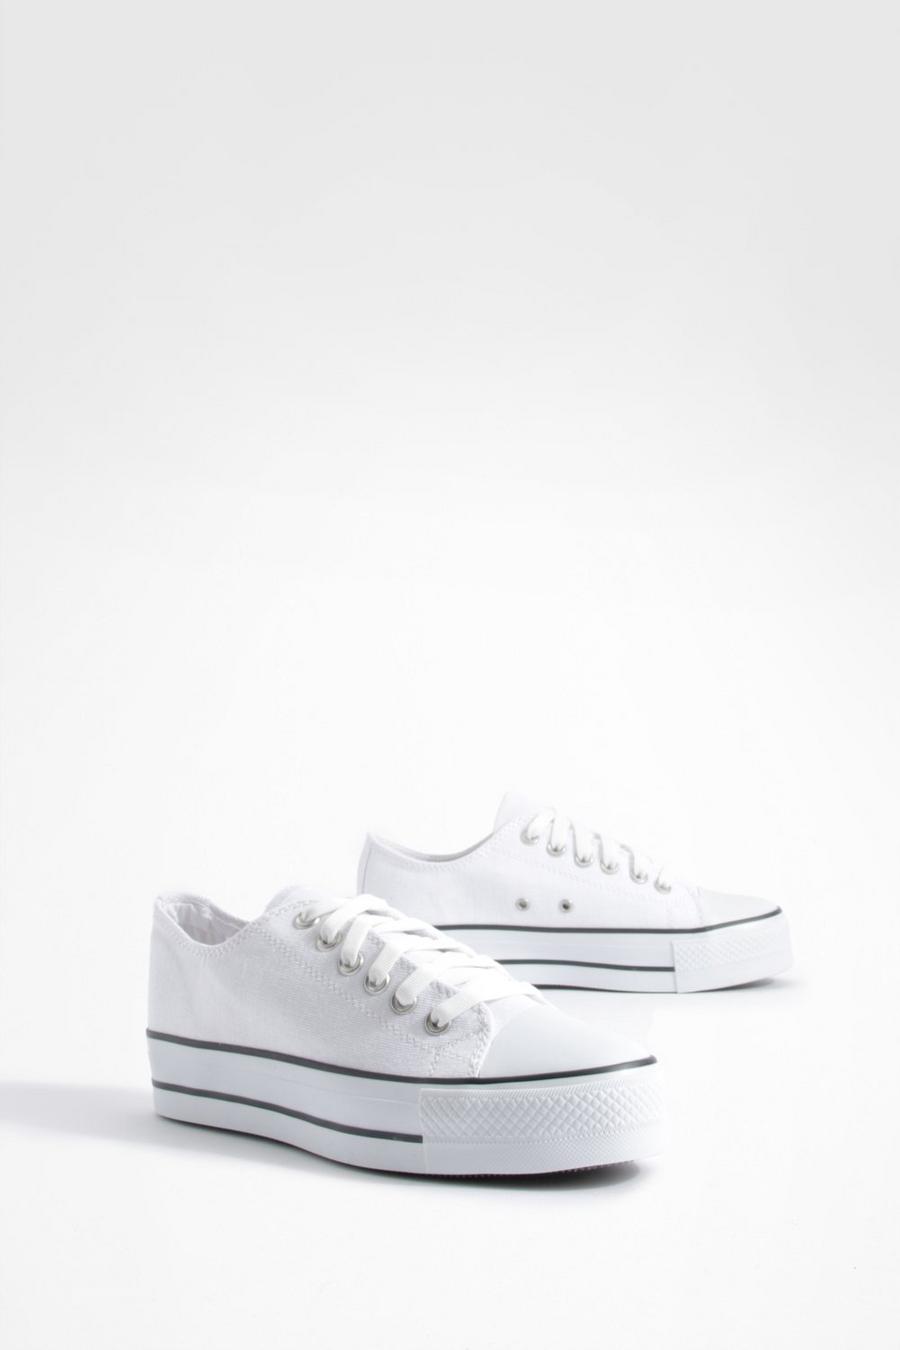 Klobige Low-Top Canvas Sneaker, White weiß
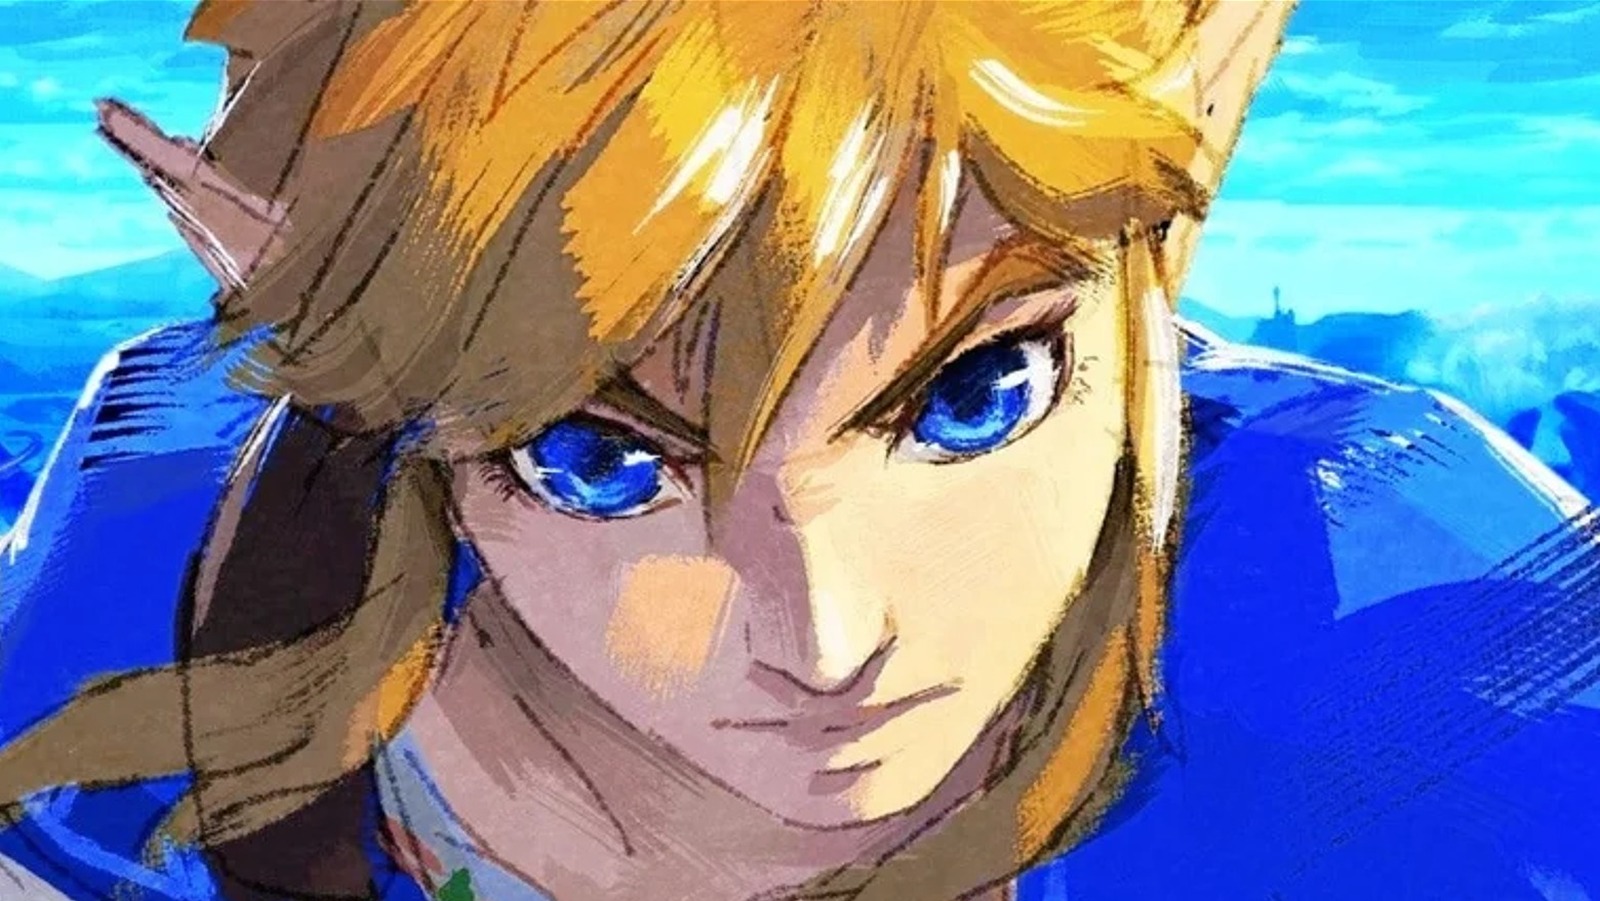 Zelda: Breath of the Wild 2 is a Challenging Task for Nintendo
--------------------
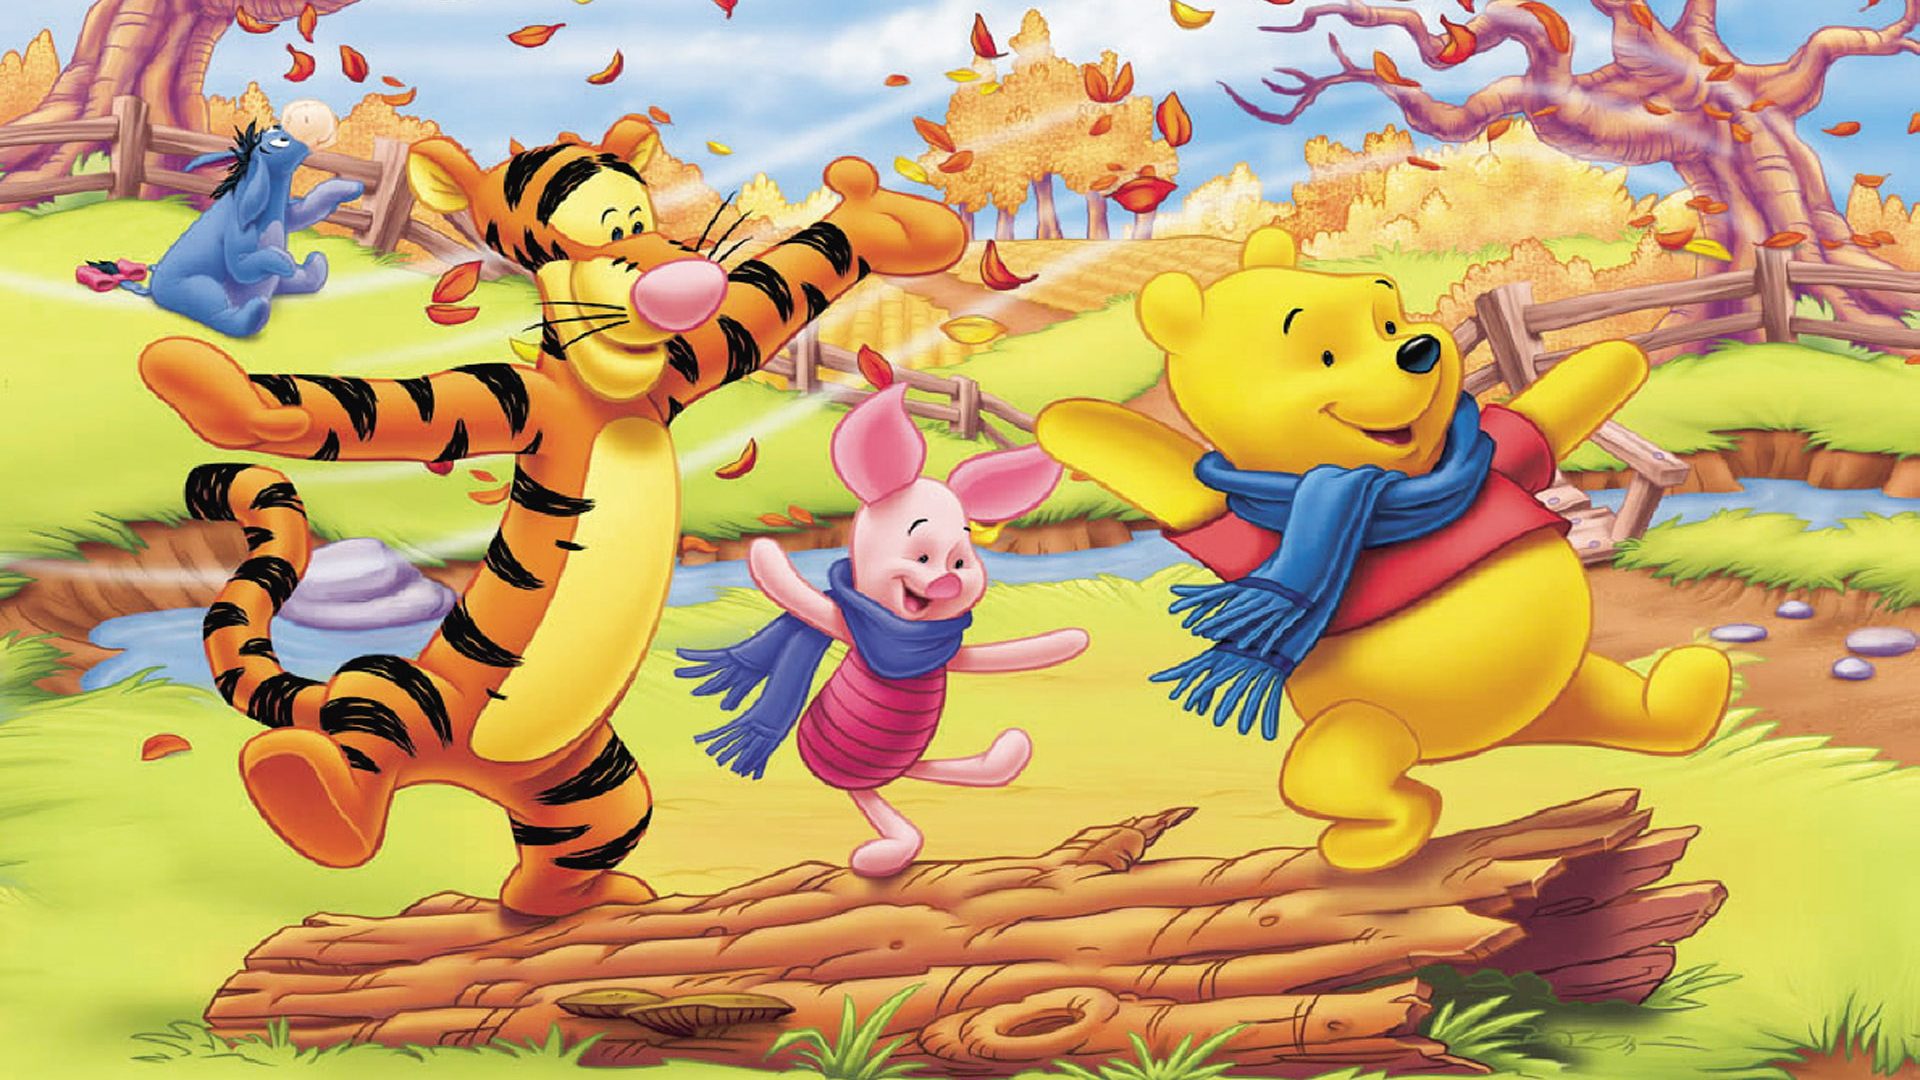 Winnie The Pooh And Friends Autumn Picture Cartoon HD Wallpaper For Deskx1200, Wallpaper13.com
--------------------
Exact repeat of the material above: every line from the one with "Klobige Low-Top Canvas Sneaker, White weiß" through the one with "Zelda: Breath of", endpoints included, and nothing more. No pictures.

## Task answer
 Klobige Low-Top Canvas Sneaker, White weiß
 Zelda: Breath of the Wild 2 is a Challenging Task for Nintendo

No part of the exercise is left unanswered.